1
votes

I am new to using react hooks api. Earlier I used to distinguish container components and presentational components. The project directory structure was according to this distinction.

Container components used to inject store state and action creators to the component through props.

With hooks I have been left clueless how the directory structure should be and whether the hooks should be injected to the component through props or simply imported inside the component.

Should there be a containers and components distinction.

The redux documentation which describes container and presentational components also doesn't seem to be updated for hooks.

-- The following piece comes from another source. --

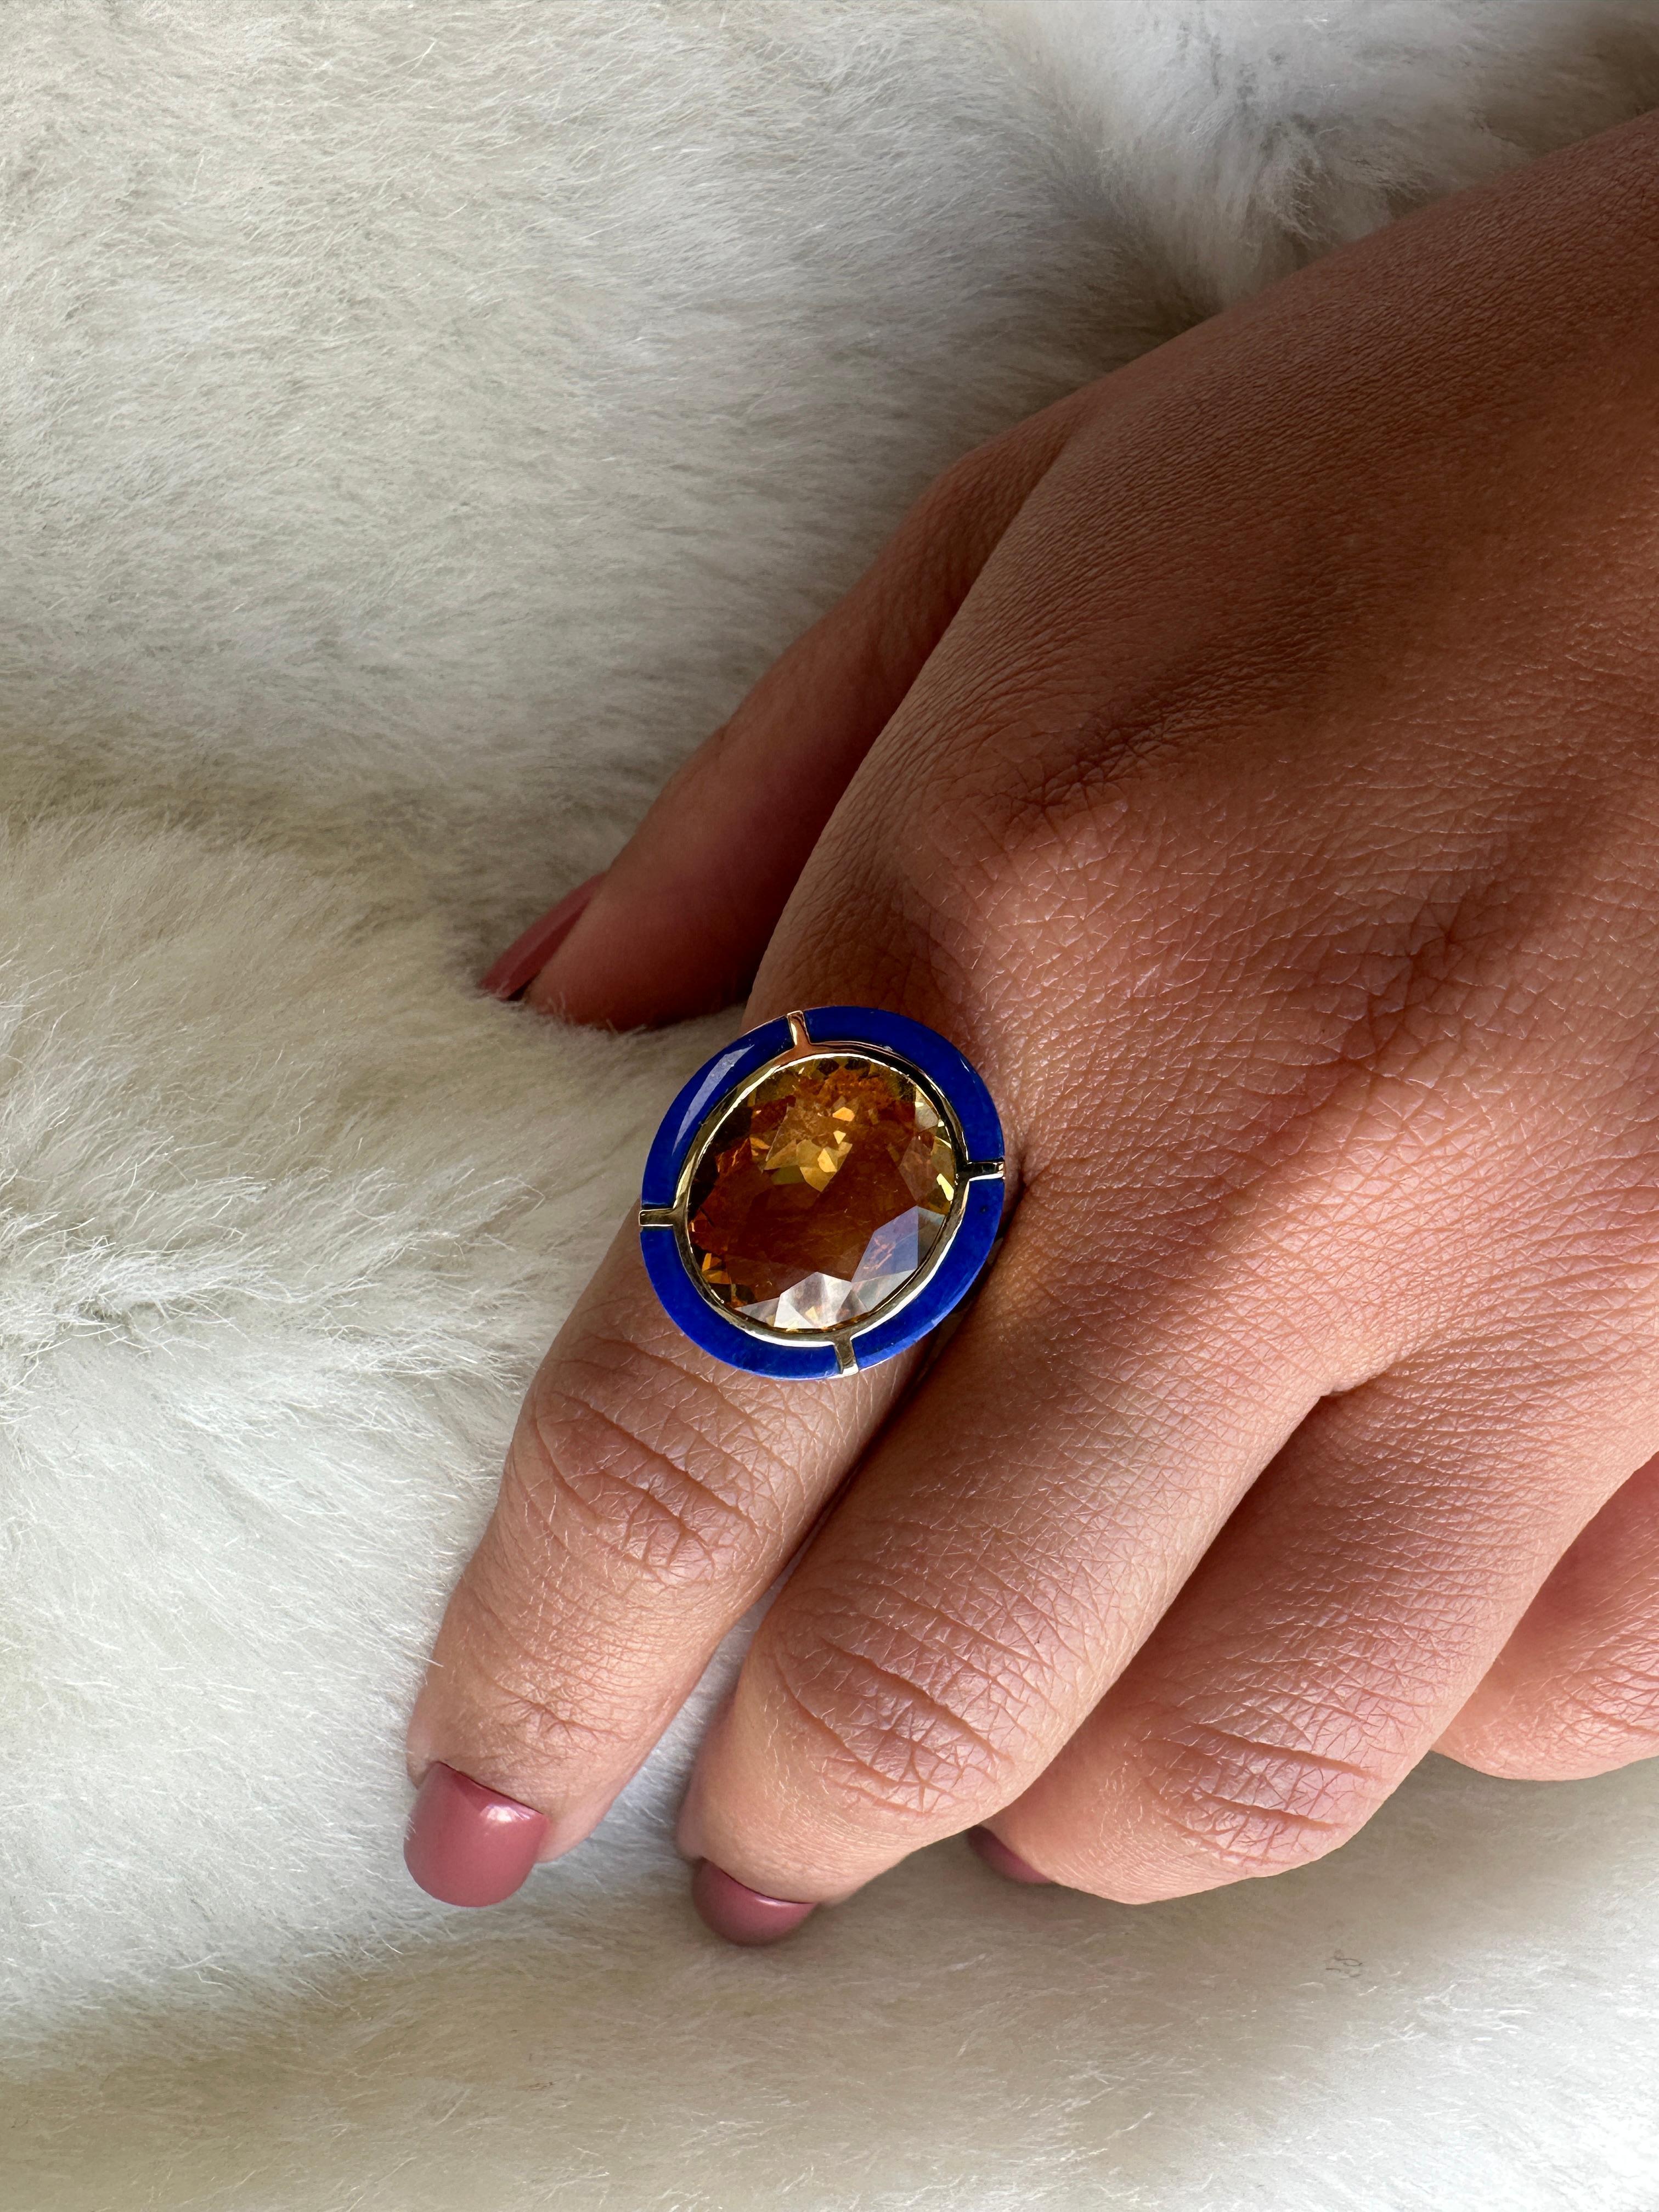 La bague ovale en or jaune 18 carats Citrine et Lapis Lazuli est un magnifique bijou de la Collection 'Melange'. La bague est ornée d'une belle citrine ovale sertie au centre, entourée d'un halo de pierres en lapis-lazuli bleu foncé. Le bracelet en

Any relevant article or answer is welcome.

3
redux already implemented hooks check here: react-redux.js.org/next/api/hooks - adel
my question is about the container and presentational component distinction - Rahul Yadav

3 Answers

3
votes

About the separation between container components and presentational components, Dan Abramov (working on ReactJs, co-author of Redux and Create React App) wrote this in Presentational and Container Components :

Update from 2019: I wrote this article a long time ago and my views have since evolved. In particular, I don’t suggest splitting your components like this anymore. If you find it natural in your codebase, this pattern can be handy. But I’ve seen it enforced without any necessity and with almost dogmatic fervor far too many times. The main reason I found it useful was because it let me separate complex stateful logic from other aspects of the component. Hooks let me do the same thing without an arbitrary division. This text is left intact for historical reasons but don’t take it too seriously.

1
votes

As user adel commented, there is now hook equivalents of react-redux stuff. To read redux state, instead of connect, you can use useSelector.

import { useSelector } from 'react-redux'

..
const somePieceOfData = useSelector( state => state.path.to.data )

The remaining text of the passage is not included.